Brown saga reveals recruiting holes (cont.)
We shouldn't lay all the blame at the feet of the 17- and 18-year-olds. While some want to stretch their time in the spotlight, others face a genuinely difficult decision. For most, picking a college is the most important choice of their young lives, and the coaches don't make that choice easy. Schools can help themselves and the athletes they hope to attract by encouraging some new NCAA legislation.
First, they can stop fighting an early signing day. The American Football Coaches Association voted overwhelmingly in favor of a December signing period earlier this year, but the measure didn't pass a vote among conference commissioners. Big Ten administrators complained (correctly) that the NCAA needs to allow more communication between coaches and prospects, but other administrators struck it down because such a period would make firing coaches more difficult.
A better idea: a July or August signing period that would allow players who truly have made up their minds to end the process before their senior seasons. If the coach were to get fired, the players would have been warned on the National Letter-of-Intent they signed that they might endure a coaching change.
Also, if coaches want commitments that better resemble engagements, they'd better start holding sizable rocks when they propose. Some coaches pass out written scholarship offers like free hamburger coupons. Some offer more than 200 players for a 25-man class. The NCAA needs a rule that limits schools to 100 scholarship offers per academic year. The NCAA already limits the number of official visits each school can offer. Why not cap the amount of written offers? Then coaches might wait before extending an offer to a player who might leave them at the altar.
Sure, schools might just resort to more wink-wink, nudge-nudge scholarship offers to get around the rule, but consider this scenario. Imagine you're a highly touted recruit from Phoenix and you want to attend college in your home state. Arizona has extended one of its 100 written offers to you, while Arizona State has told you that a written offer is coming, but, for now, an oral offer will have to suffice. Where would you make your reservation? (This is not intended as a slight against Arizona State's staff, by the way. It's just an example. Feel free to substitute Cal and UCLA or Florida and Florida State if you'd like.)

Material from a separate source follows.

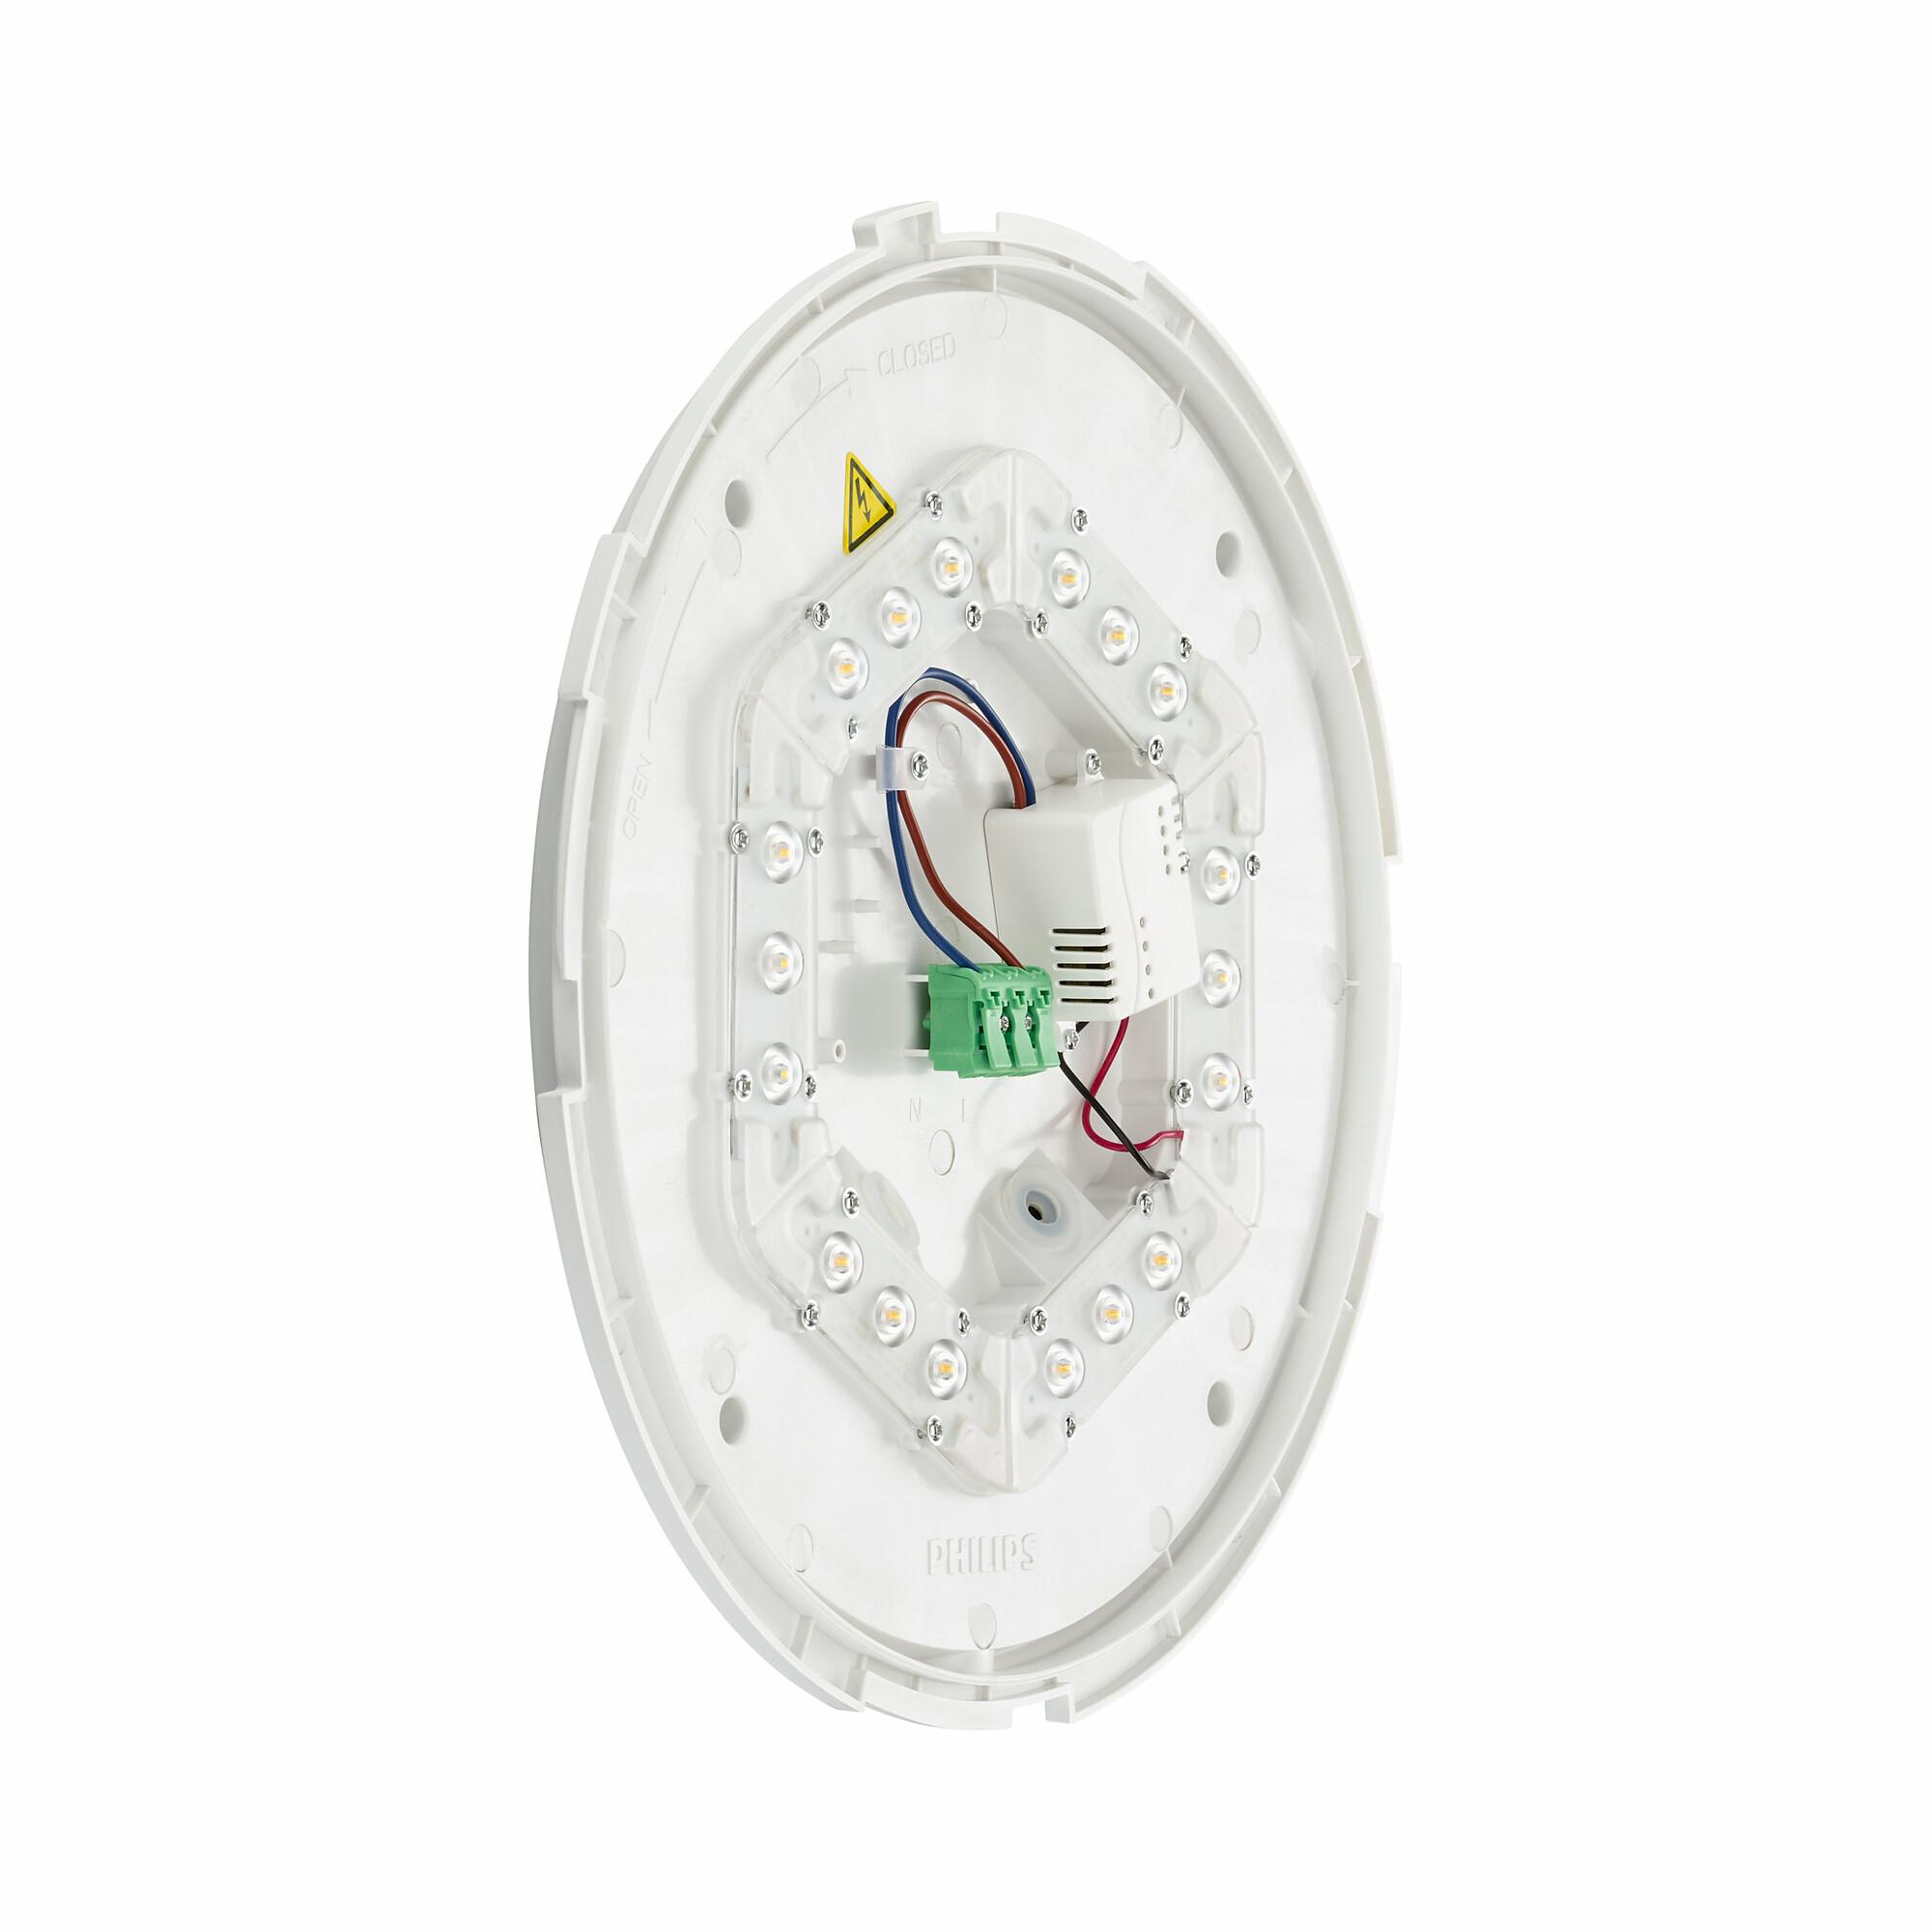 Philips CORELINE Wandlamp LED 1x23W/2000lm Wit

Such a rule might solve some of the problems plaguing the recruiting process, but one issue highlighted during Brown's recruitment isn't going away. Butler, the cell phone company call center manager-turned-trainer who guided Brown through his recruitment, isn't the only handler out there. He's just one of the rare ones who elects to operate in the open. The New York Times has examined Butler and the NCAA has investigated him, but nothing anyone turned up -- not even the fact that Butler planned to charge for updates on Brown's recruitments -- convinced Brown that Butler didn't have his best interests at heart. "Without you," Brown said of Butler on Monday, "none of this would be possible."

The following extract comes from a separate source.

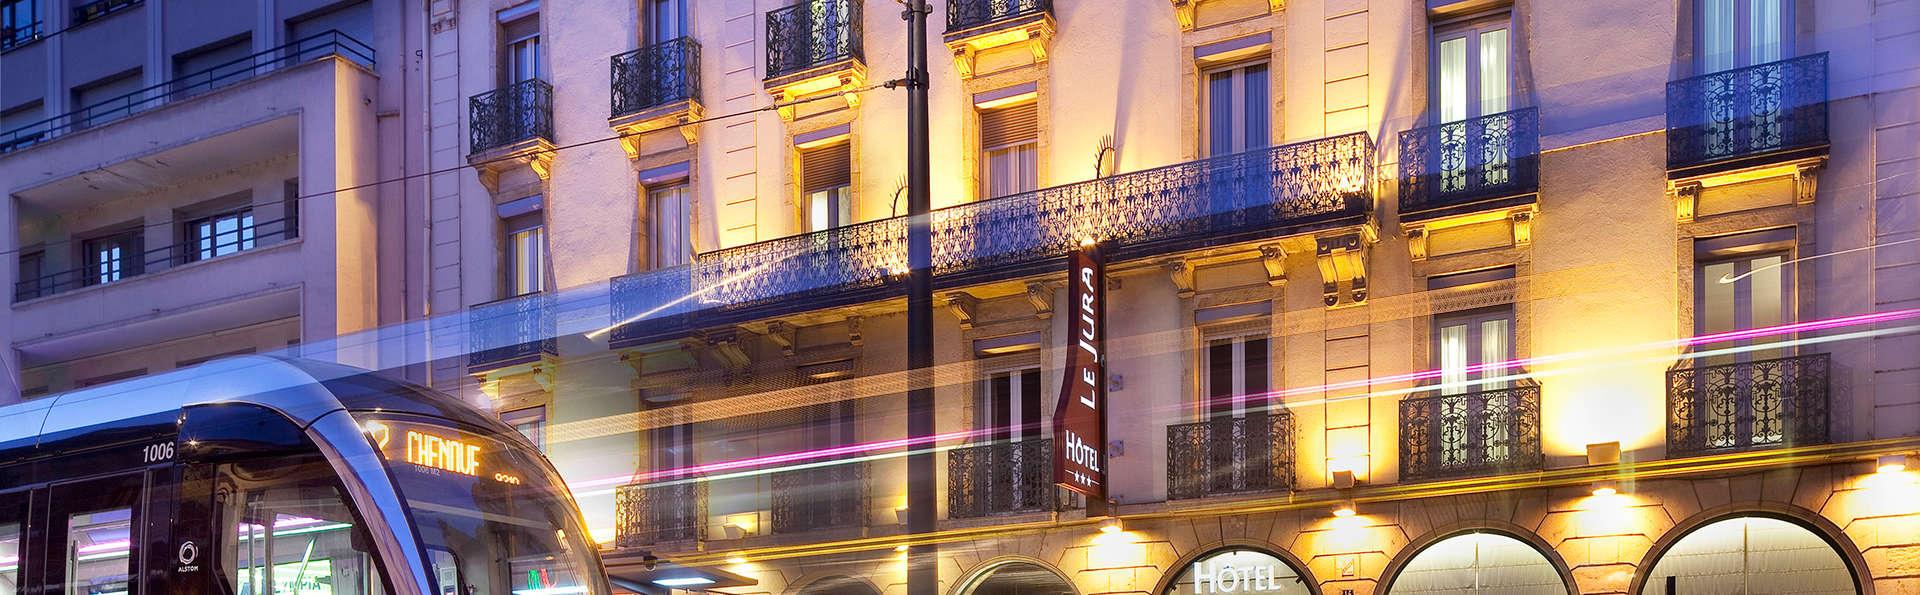 Offre spéciale: Séjour au cœur de Dijon

Brown had a stable family and a respected high school coach, but he chose to let Butler handle his recruitment anyway. And, to Butler's credit, he has brought exposure to an area not known for producing BCS-level football players. He also has taken some significant lumps during the recruiting process. "It's been somewhat stressful, but I'm just thankful," Butler told SI.com Monday. "The thing that's most important to me is how the parents feel and how the kids feel. I've always had the support of all the parents of the kids I train. ... Nobody wants to hear unflattering things said about them, but I have faith in God. He has my back, and I'll let him judge me."
It will be interesting to see if Butler's Potential Players company has as much luck finding scholarships for players in the post-Brown era. Wichita has one of the best players in the 2010 class (Bishop Carroll quarterback Blake Bell), but Bell's father and his high school coachwill handle Bell's recruitment. Still, Butler said, plenty of parents have called him about training their sons. "It's definitely going up -- not down," Butler said. "I have kids calling me from third grade and up."

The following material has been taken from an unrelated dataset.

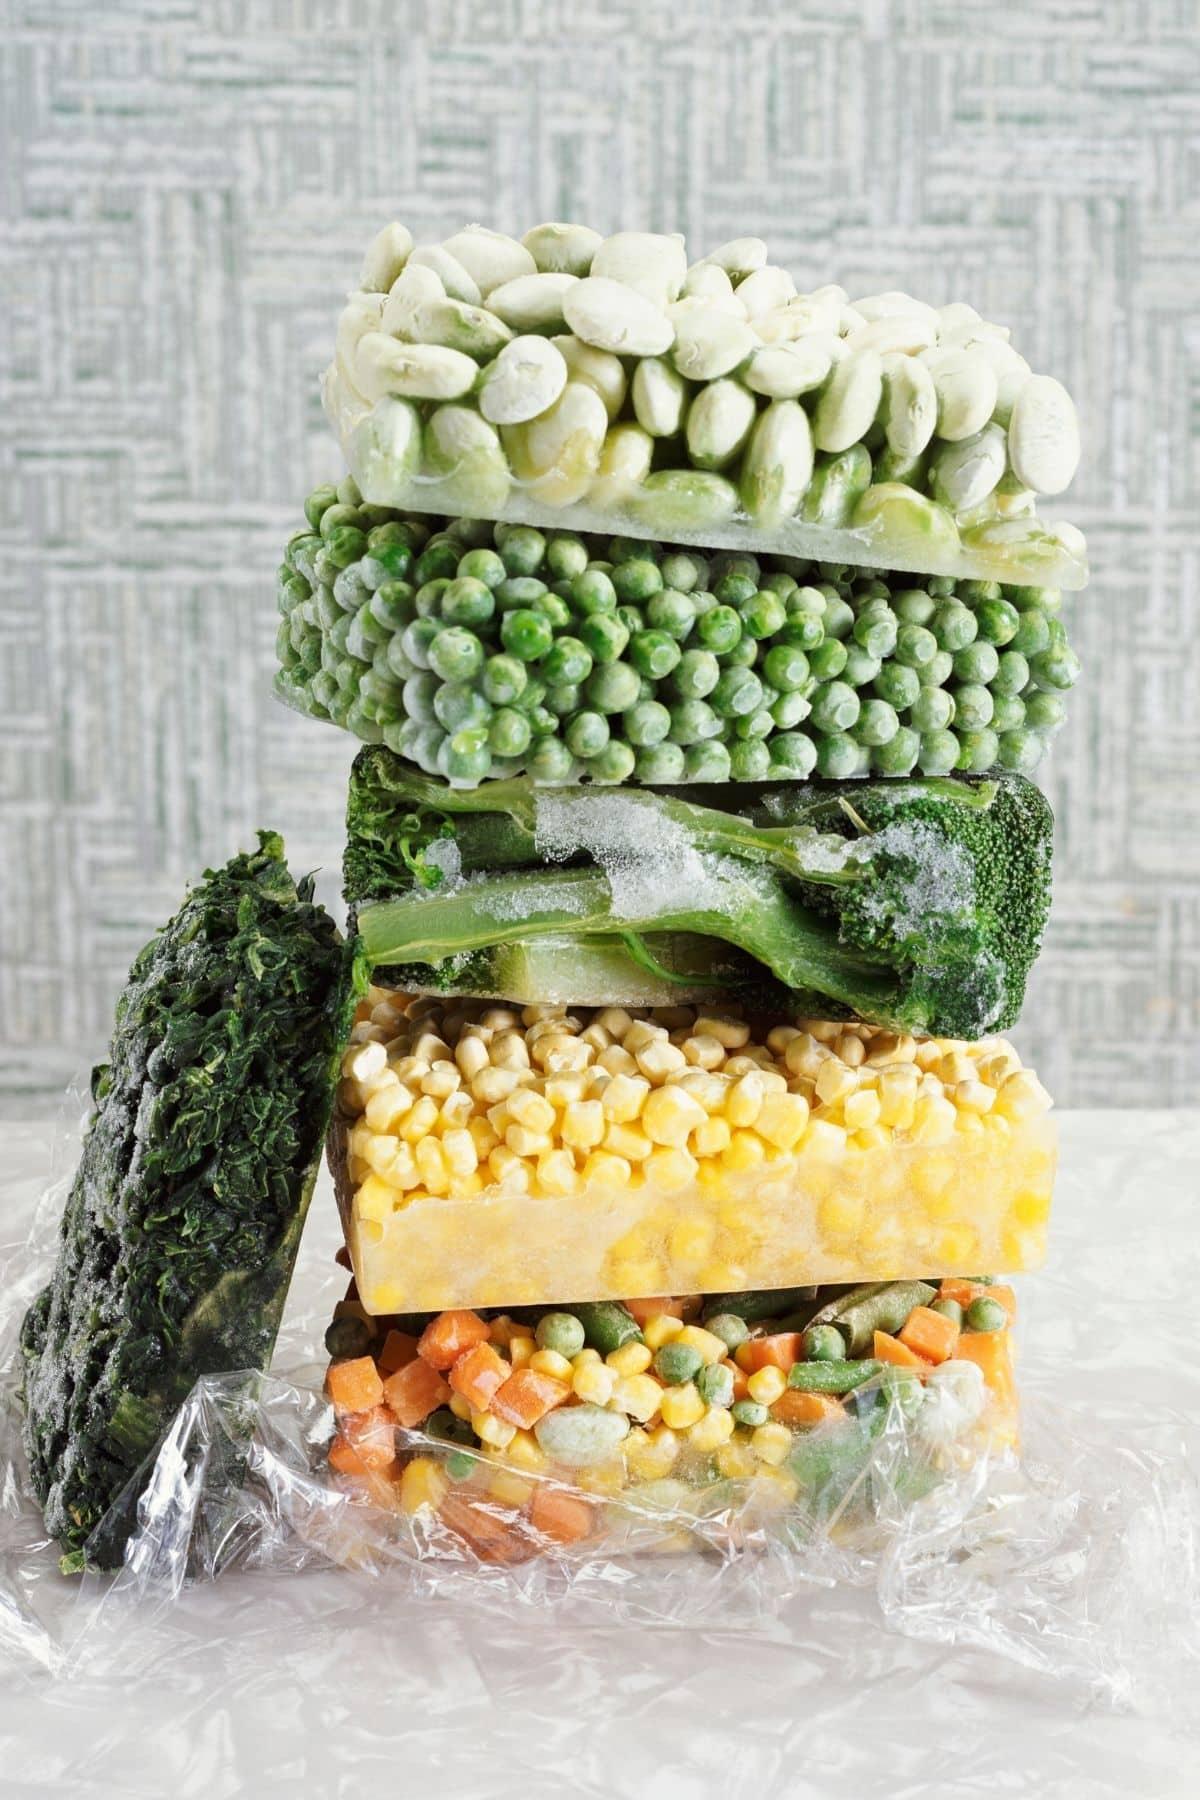 Frozen vegetables stacked together

Many prospects have unstable families or coaches who aren't helpful, so they gravitate toward street agents or scam artists. Whereas Butler charges for training services, the street agents quietly shop players to colleges, hoping for a payday. The scam artists, meanwhile, soak unwitting parents by promising to publicize players through bogus all-star games or sham Web sites. Compared to those guys, the Brian Butlers of the world don't seem all that bad.
But his commitment process doesn't always have to be such a saga.
A few minutes before Brown revealed his choice, he made an admission. "It was like a roller-coaster ride," he said. "I didn't expect for it turn out like this." Hopefully, it worked out best for Brown. Hopefully, the rest of us learned something, too.